Понятие «слава» в девятой строке представляется программным; я дал бы ему определение «буберовский leitwort». В совместных с Ф. Розенцвейгом трудах, посвященных Библии и переводу в ХХ веке, Бубер определяет библейский нарратив как совокупность leitwort’ов – слов и корней, «осмысленно повторяемых в рамках текста, или ряда текстов, или комплекса текстов», посредством которых «смысл текста обнажается, либо проясняется, либо как минимум усиливается» [Seidman 2006: 114]. Не будет преувеличением сказать, что leitwort’ы доминируют в языке Слуцкого; создание их словаря – задача для грядущих исследователей его творчества. Присутствие leitwort’ов усиливает библейское звучание его произведений, устанавливая внутри них связи на уровне не только целых стихотворений, но и разрозненных строк, фраз и слов (опять же, на ум приходит раввинистическое прочтение Писания). Они же включают его поэтическое наследие в область того, что Гинзбург называет дедуктивным поэтическим мышлением, примером чего служат лирические конструкты, основанные на кодовых словах [Гинзбург 1982: 15–42]. В системе Слуцкого «слава» – одновременно и герменевтический, и метапоэтический leitwort. Он обозначает поэзию, загадочность этого феномена и тернистый путь ее создания. В стихотворении «Загадка славы», где Слуцкий подводит итог своим попыткам осмыслить это понятие, слава – одновременно и непостижимая древняя хеттская речь, чьи корни уходят в Библию, и загадка природы, и тишина, после которой «более ни одна / не напишется строчка» [Слуцкий 1990c: 182–183]. Для Слуцкого слава – начало и конец, священный язык, откуда рождается творчество, «стих новый / Ложится в песнь древнюю», если говорить словами другого поэта с герменевтическим складом мышления [Элиот 2000: 367][59]. Так, в «Уриэле Акосте» слава, о которой мечтал поэт, – это одновременно и его творчество на русском языке, и тиран, коего он, понимая особенности своей эпохи, объявляет победителем в противоборстве со Всевышним.
Слуцкий подчеркивает советские коннотации слова, в котором тем не менее звучит церковнославянское библейское эхо.
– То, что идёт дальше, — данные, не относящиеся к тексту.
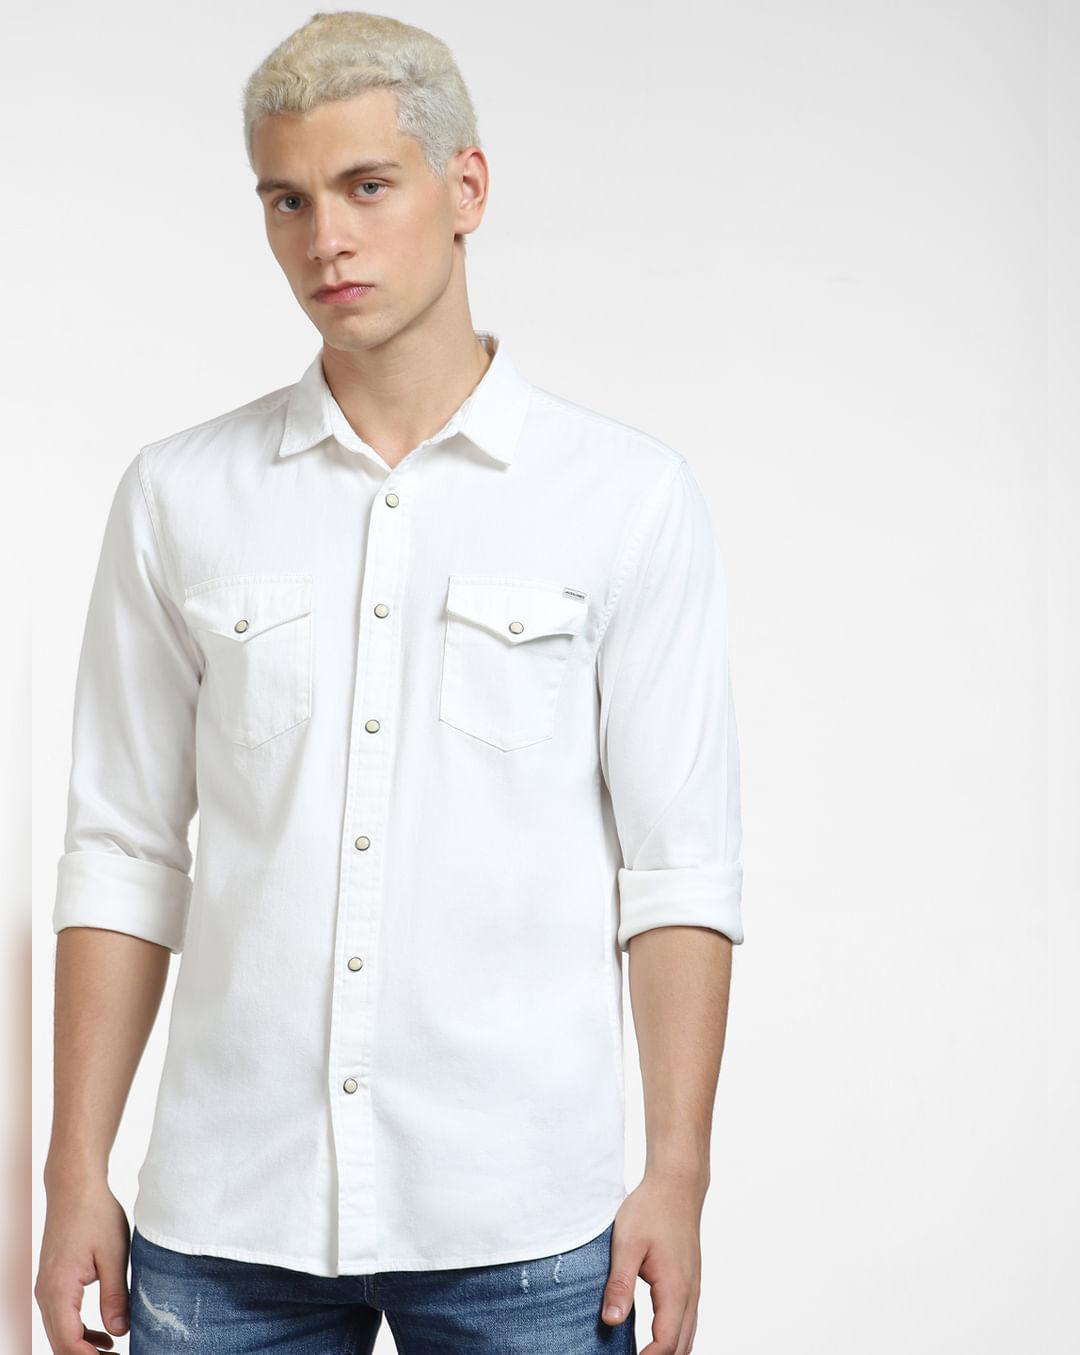 off-white denim full sleeves shirt

Действительно, в Библии «слава» («кавод») – один из атрибутов Бога. Взирая на Бога, Моисей видит Его непостижимую «славу»:
«Моисей сказал: покажи мне славу Твою. И сказал Господь: Я проведу пред тобою всю славу Мою и провозглашу имя Иеговы пред тобою, и кого помиловать – помилую, кого пожалеть – пожалею» (Исх. 33: 18–19) [Alter 2008: 505]. Герменевтический прием позволяет сделать так, что «большая слава» начинает относиться к деспоту (см. стихотворение «Слава») [Слуцкий 1991b, 1: 184], которого Слуцкий называет «богом», а «гнев» – исключительно к Иегове, Который вернул Себе Свои права и теперь судит оплошавшего поэта; отсюда «большой гнев» в десятой строке.
В итоге поэт возвращается в «пространство». Он признаёт, что по ошибке перешел «то ли в подданство, то ли в гражданство». Два этих термина, которыми обозначена русская поэзия, намеренно и полемически взяты из юридического лексикона. Прочтение Слуцким еврейской Библии, каковую в христианском дискурсе пренебрежительно именуют мертвым законом, отличается строгостью и одновременно лиризмом и великодушием; притом его русские стихи, где предпринята попытка извлечь из Библии суть еврейства, ведут в неизбежный тупик распада личности поэта. Оба понятия обладают особой символической нагруженностью. Первое, «подданство», раскрывается в стихотворении «Музыка далеких сфер» [Слуцкий 1989a], где Слуцкий называет себя подданным русской поэзии. Второе, «гражданство», легко истолковать в свете другого стихотворения, опубликованного в 1971 году, где поэт пишет: «Говорить по имени, по отчеству / вам со мной, по-видимому, не хочется. / Хорошо. Зовите “гражданин”… / В понимании Рылеева» [Слуцкий 1991b, 2: 262]. Называя имя К. Ф. Рылеева, декабриста, современника Пушкина, Слуцкий напоминает о долге русского поэта быть пророком и гражданином. Отказывается ли он тем самым от своего места в русской традиции, разрывает ли символически все связи с ее историей и содержанием? На мой взгляд, нет, но только если прочитать три последних строки стихотворения как еще один вклад в его перевод Книги Исход.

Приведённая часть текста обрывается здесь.